Images in Cardiovascular Medicine

Unusual Atrial Thrombi Discovered by Transesophageal Echocardiography

Carlos M. Gaos, MD; Wayne E. Dear, MD; Eleftherios S. Stamatious, MD; ; Susan Wilansky, MD

From the Department of Adult Cardiology, Texas Heart Institute, and the Department of Echocardiography, St Luke's Episcopal Hospital, Houston, Tex.

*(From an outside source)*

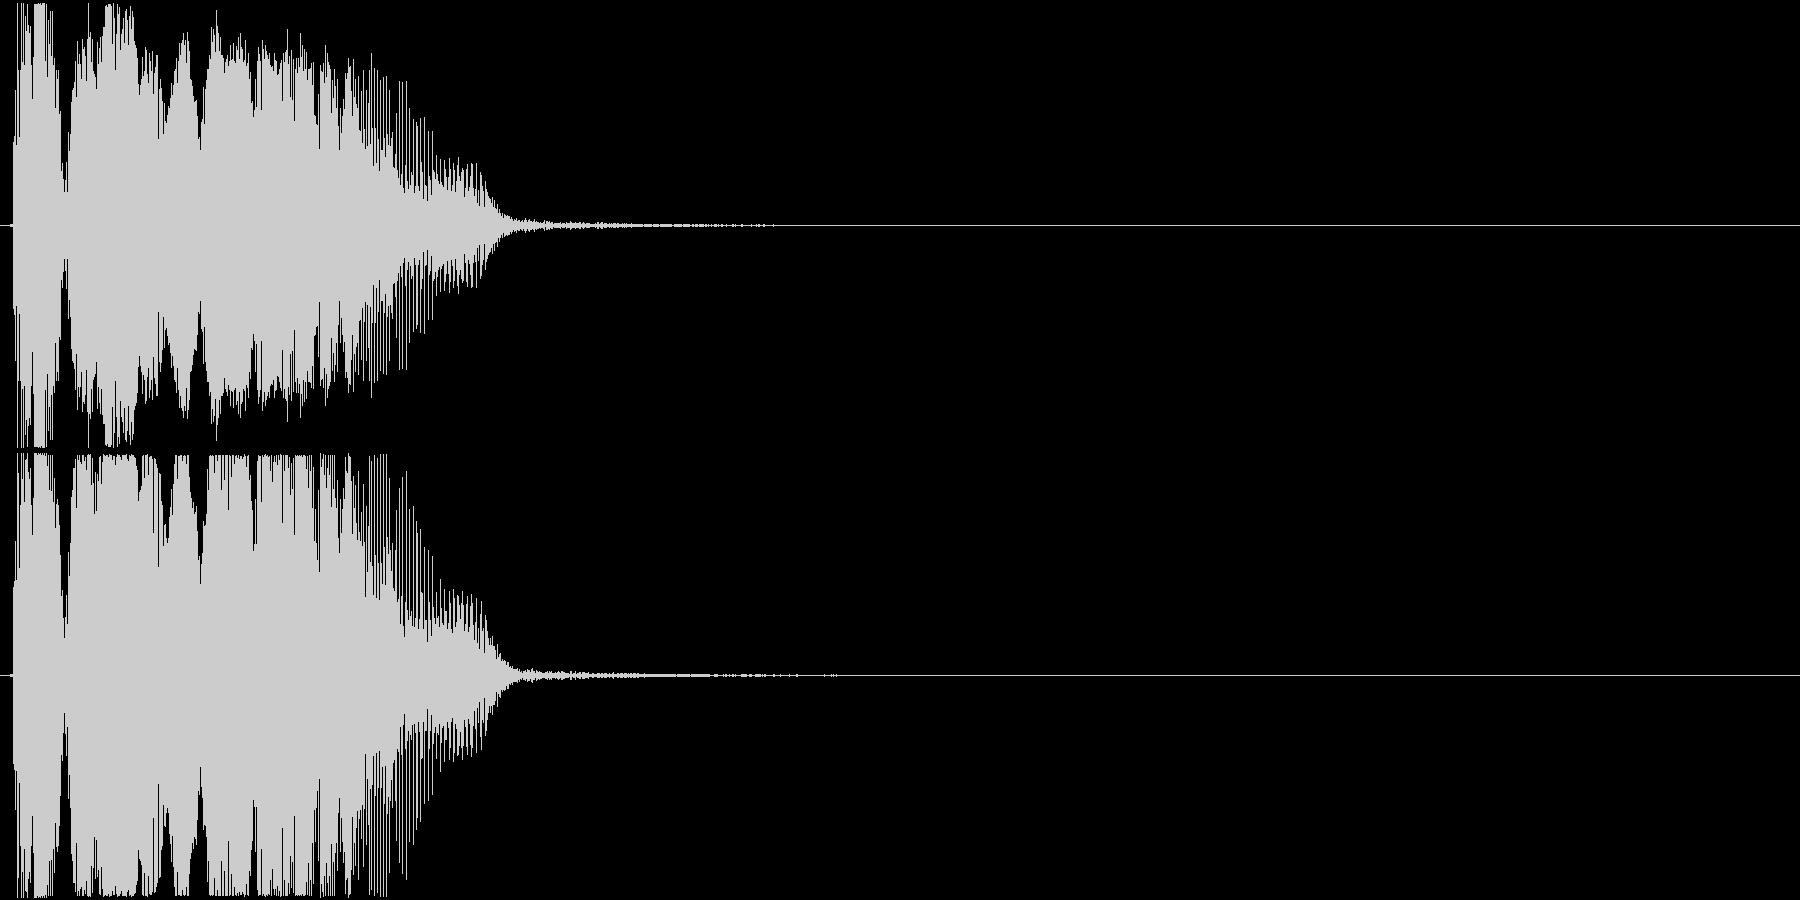 「カモン」アプリ・ゲーム用2の未再生の波形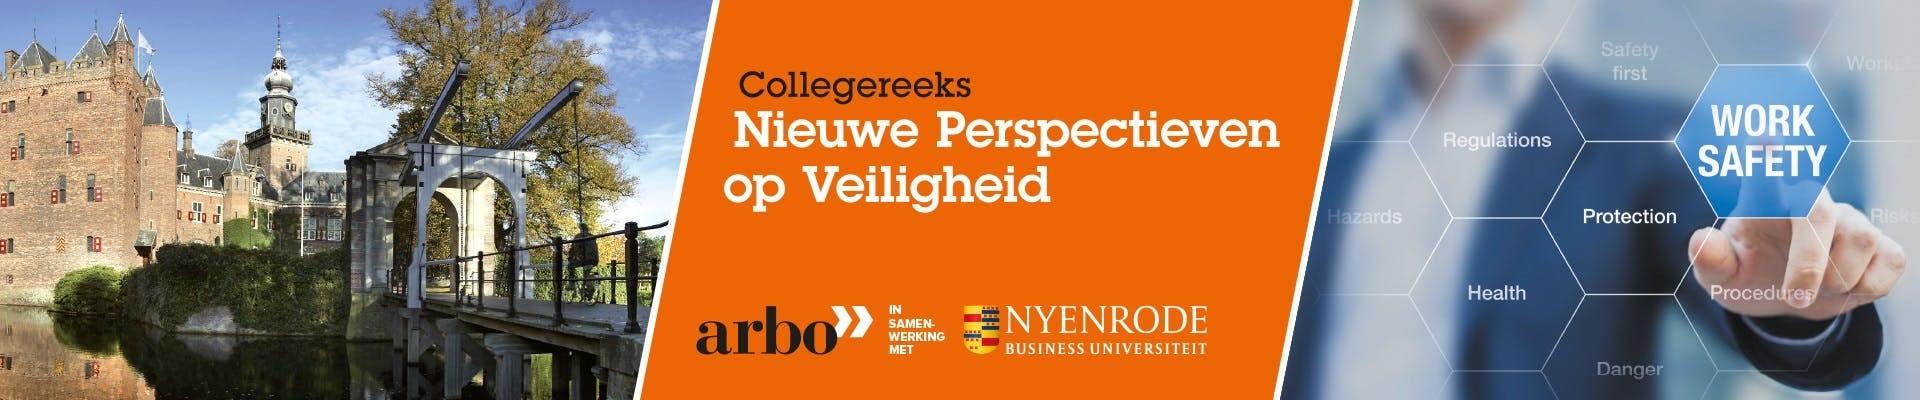 Nieuwe perspectieven collegereeks

Correspondence to Susan Wilansky, MD, St Luke's Episcopal Hospital, 6624 Fannin, Suite 2480, Houston, TX 77030.

Case Summaries

Case 1
A 58-year-old man was transferred to St Luke's Episcopal Hospital in January 1996 with persistent pleuritic chest pain. His medical history included a pulmonary embolus that had been treated with anticoagulation in December 1994. Three months later, in March 1995, multiple emboli to the right brachial, carotid, and renal arteries were discovered; at that time, an inferior vena caval filter was placed. In September 1995, an atrial septal defect was diagnosed and surgically closed. In the postoperative period, echocardiography revealed the presence of a right atrial thrombus, for which the patient received heparin and was placed on a regimen of sodium warfarin (Coumadin) therapy. At the time of admission to our hospital, transesophageal echocardiography revealed a bilobar thrombus attached to the eustachian valve (Fig 1Down). The thrombus was surgically removed and confirmed by postoperative pathological examination. The postoperative course was uneventful.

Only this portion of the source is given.